Rhein-Main still ticking as closure looms nears
by Louis A. Arana-Barradas
Air Force Print News
The base, which shares runways with Frankfurt International Airport, has been drawing down since 1999 for its December closure. Its landmass has already shrunk to half its original size and many base activities have closed.
But the base’s airlift mission is almost “as big as it has always been,” said Paul Molnar, Rhein-Main’s closure and host nation liaison officer.
Rhein-Main is still a critical strategic base in the war on terrorism, said Lt. Col. Mike Polhemus, 726th Air Mobility Squadron commander. The Air Mobility Command unit runs base flight operations.
Since September 2004, for example, the base has recovered, turned and launched more than 55,000 aircraft and handled more than 2.1 million passengers, the colonel said. Today, it still handles 25 to 30 daily airlift missions and 30,000 to 40,000 passengers a month.
That is why, the colonel said, “We have to keep going until the rest of the organizations in Europe are ready to pick up the load.”

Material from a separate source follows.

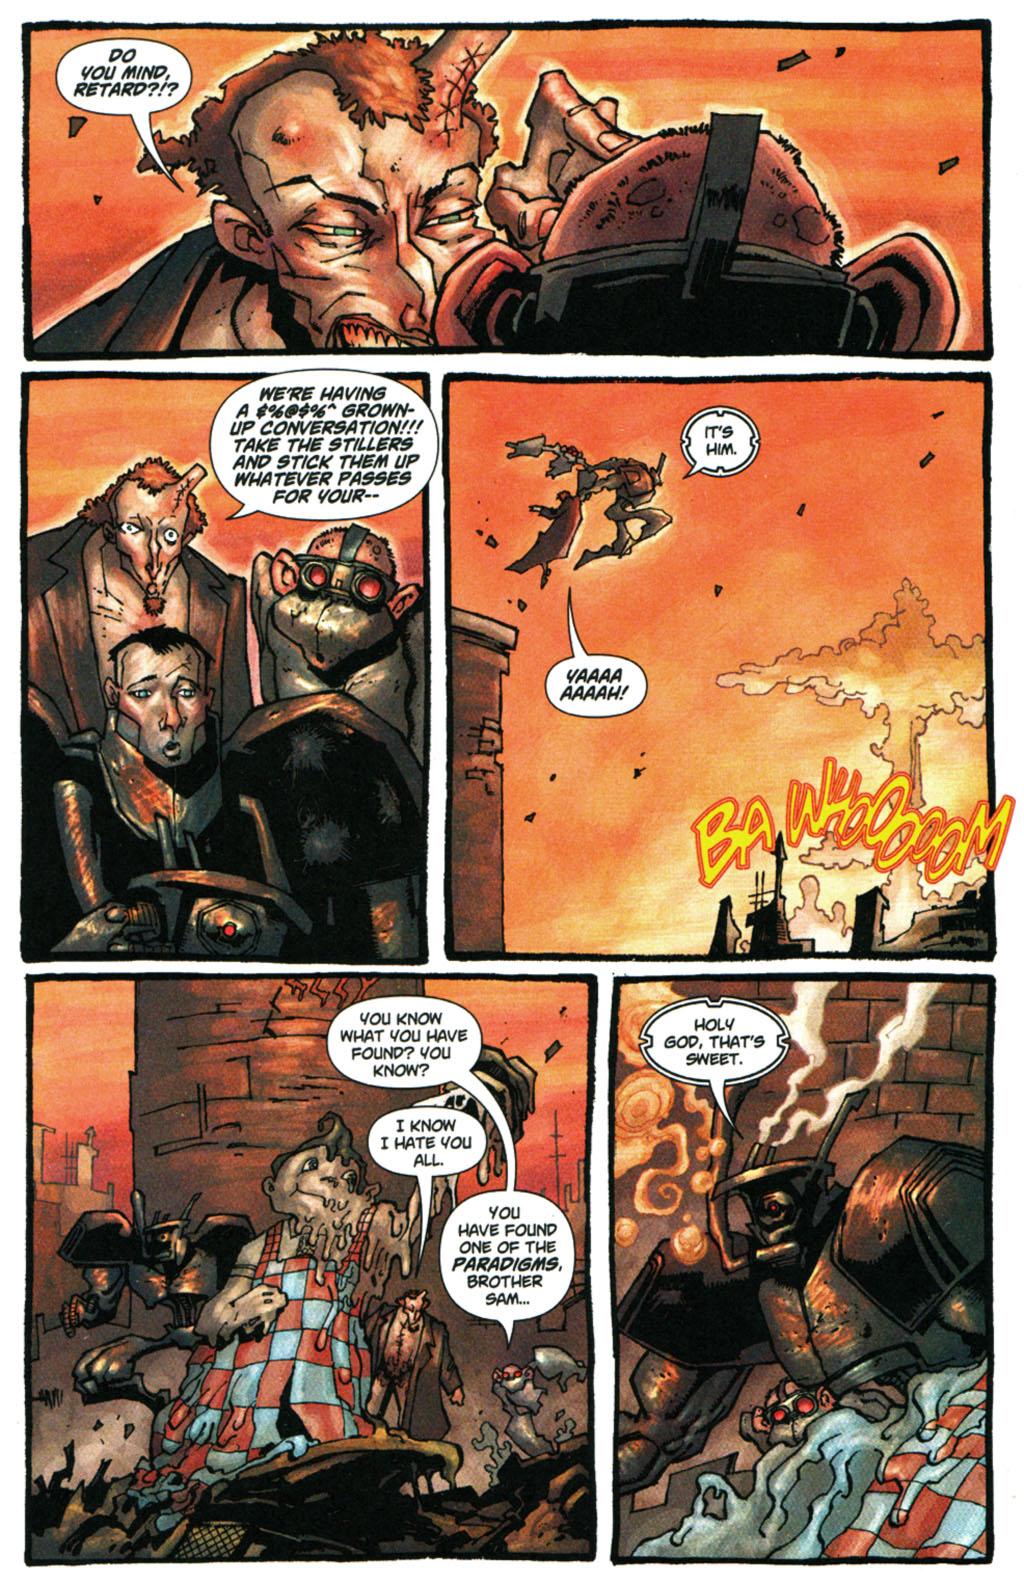 Read online Enginehead comic -  Issue #5 - 11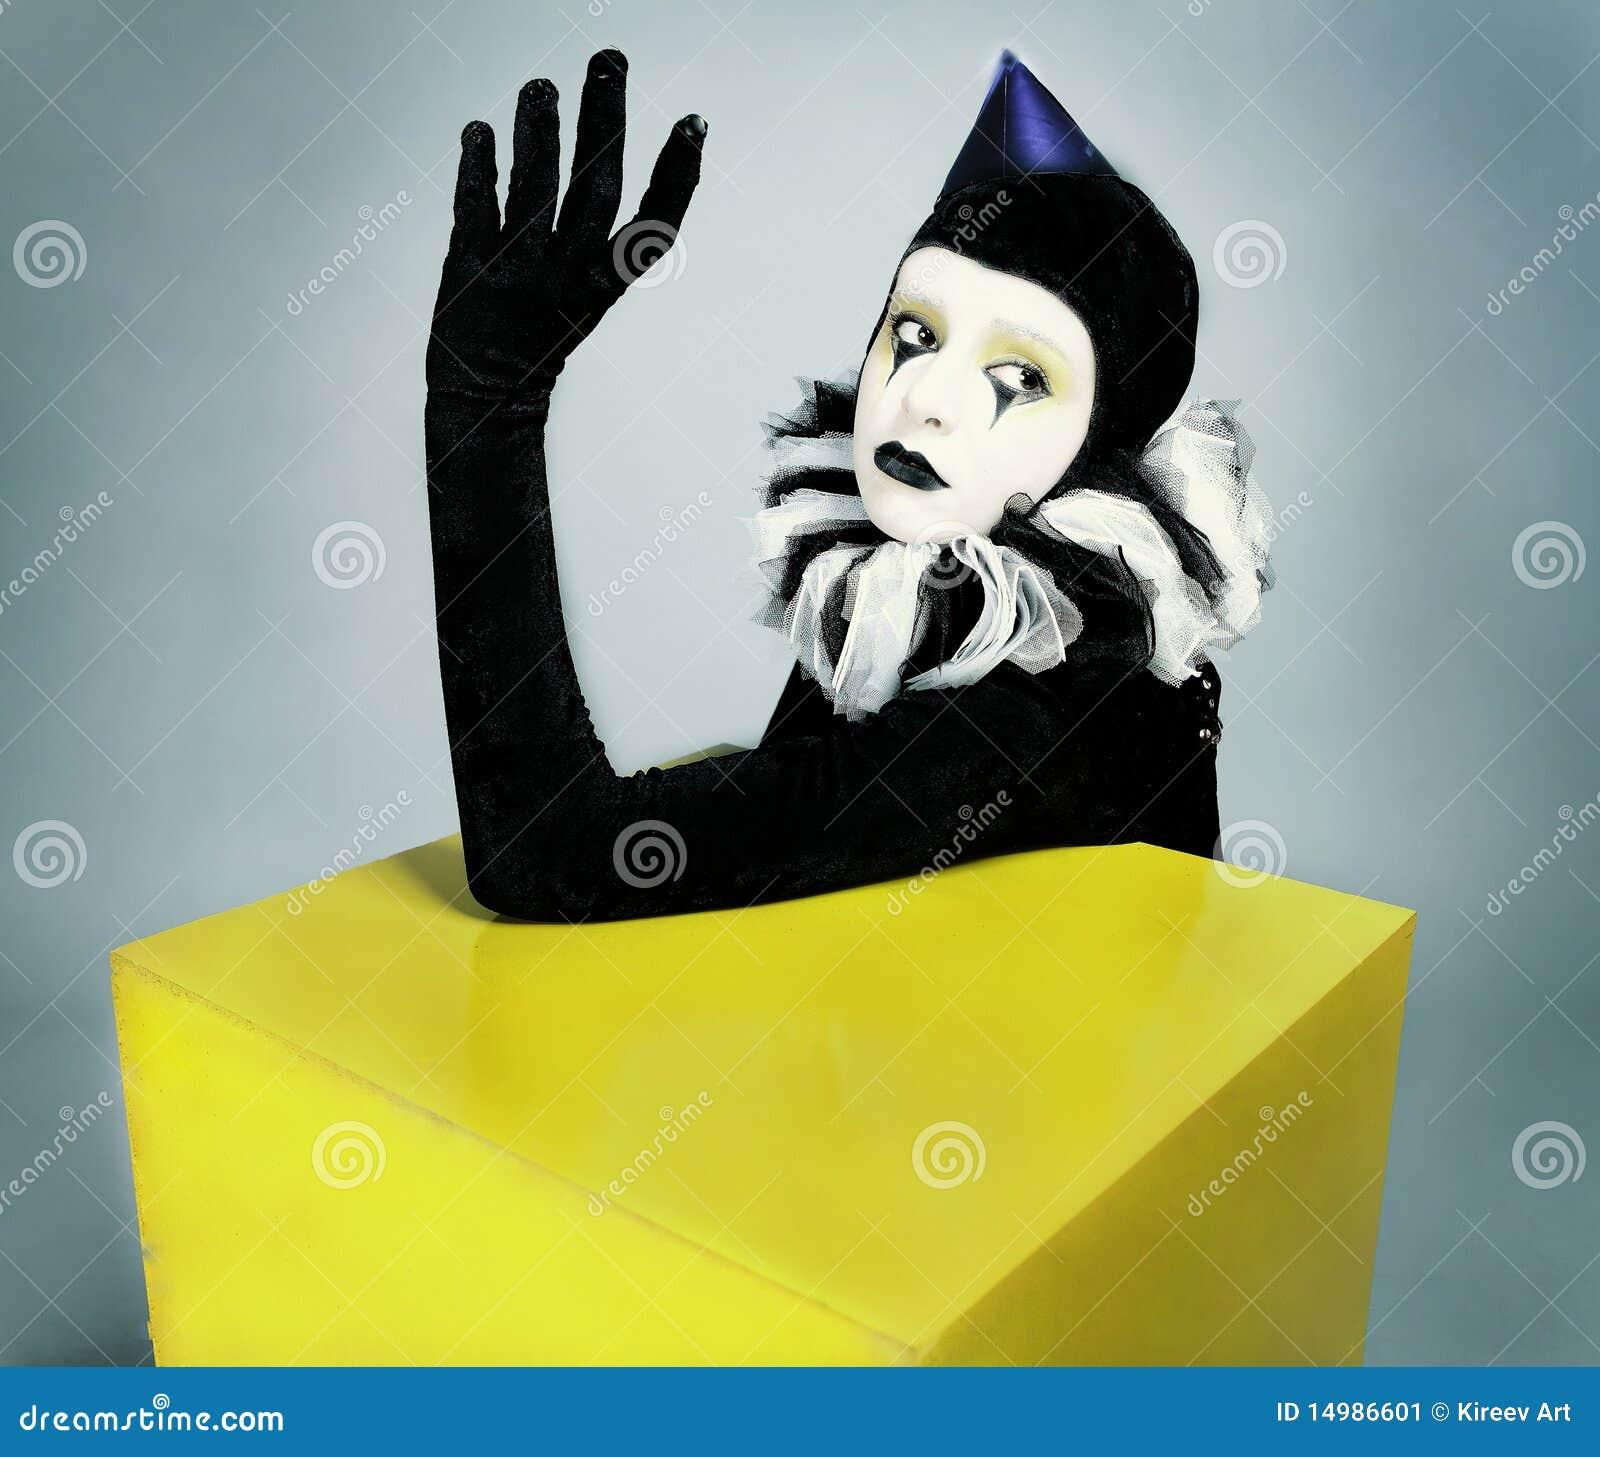 Circus fashion mime posing near a yellow square

Still, drawing down is now the main job here. And as the base continues its drawdown, its hectic airlift mission -- which dates back to 1945 -- has slowed. Many transport aircraft now land at Ramstein and Spangdahlem air bases. The two bases, in other parts of Germany, will assume the Rhein-Main airlift workload Oct. 1.
With just five months before closing its gates, base workers are busy closing down. But the drawdown plan takes the mission into consideration, said Col. Brad Denison, 469th Air Base Group and base commander. The drawdown plan ties “capabilities to the closure,” he said.
“We want to maintain the capability (to support airlift) until the planned time (for closure) so we can continue to support the mission,” Colonel Denison said. He expects that to last until the last moment, the day the mission closes.
The base drawdown plan has three major timeline goals. The first, which took place July 1, was transition day, or T-Day. It started the curtailment of the base airlift support mission. On M-Day, the mission will actually end Oct. 1, and the closure date -- C-Day -- is the day the base will close for good and is given back to the German government. The agreement between the German and United States puts the closure date at no later than Dec. 31.
But the base closure team has set Dec. 16 as the goal for the actual closing -- “the day we hand over the keys,” Colonel Denison said.
The closing ceremony, however, will take place Oct. 10. The colonel said it will be “a very big event.”
As the base draws down along its specific timeline, sights are already set on the critical days between Oct. 1 and closing day. During that short period, activity here will move at a fever pitch, said Maj. Shawn Moore, 469th Civil Engineer Flight commander. His team of 35 active-duty Airmen, guardsmen, reservists, civilians, local nationals and contract employees will be the ones “who make C-Day happen,” he said.
From now through December, the civil engineers must close the 196 buildings still in use here. Of those, people still occupy 177. That means about 62 percent of base buildings are already in the hands of the German government and Frankfurt Airport Authority, partners in the drawdown venture. Early turnovers have put the team a bit ahead of schedule, the major said.
However, during the last three months the work pace will be hectic. During that time, the base must turn over the remaining buildings which the major expects to be around 130. That equates to about two a day.
The last remaining days “will be the shortest timeframe ever in the history of any (Air Force) base closure” for turning over so many buildings, Major Moore said.
“To try and close a base in such a short period of time is a true testament to our commitment to the Air Force and the global war on terrorism,” he said.
Buildings must be in “broom-swept condition” for the turnover.
“The building has to work -- electricity, lights, plumbing, water,” Major Moore said. “So we clear it out. We take a building and ‘shake it upside down.’ Anything that’s loose comes out.”
The Germans will receive a building with everything except the Air Force’s special equipment.
“We turn it over safe, sanitary and secure -- that’s our motto,” Major Moore said.
As if all that was not enough to keep people busy, Colonel Denison has tasked the drawdown team with another key responsibility. He wants what he calls a “graceful drawdown.” That is, base officials want to keep the quality of life as high as possible.
“We want to keep families happy and make sure we’re not going to shortchange them in any way,” the colonel said. “And as far as our military people, we’ll make sure they get the best assignments possible.”
In the end, Colonel Denison said, “When we walk away from Rhein-Main in December 2005, we can be proud of what we’ve done, and that we’ve accomplished the mission.”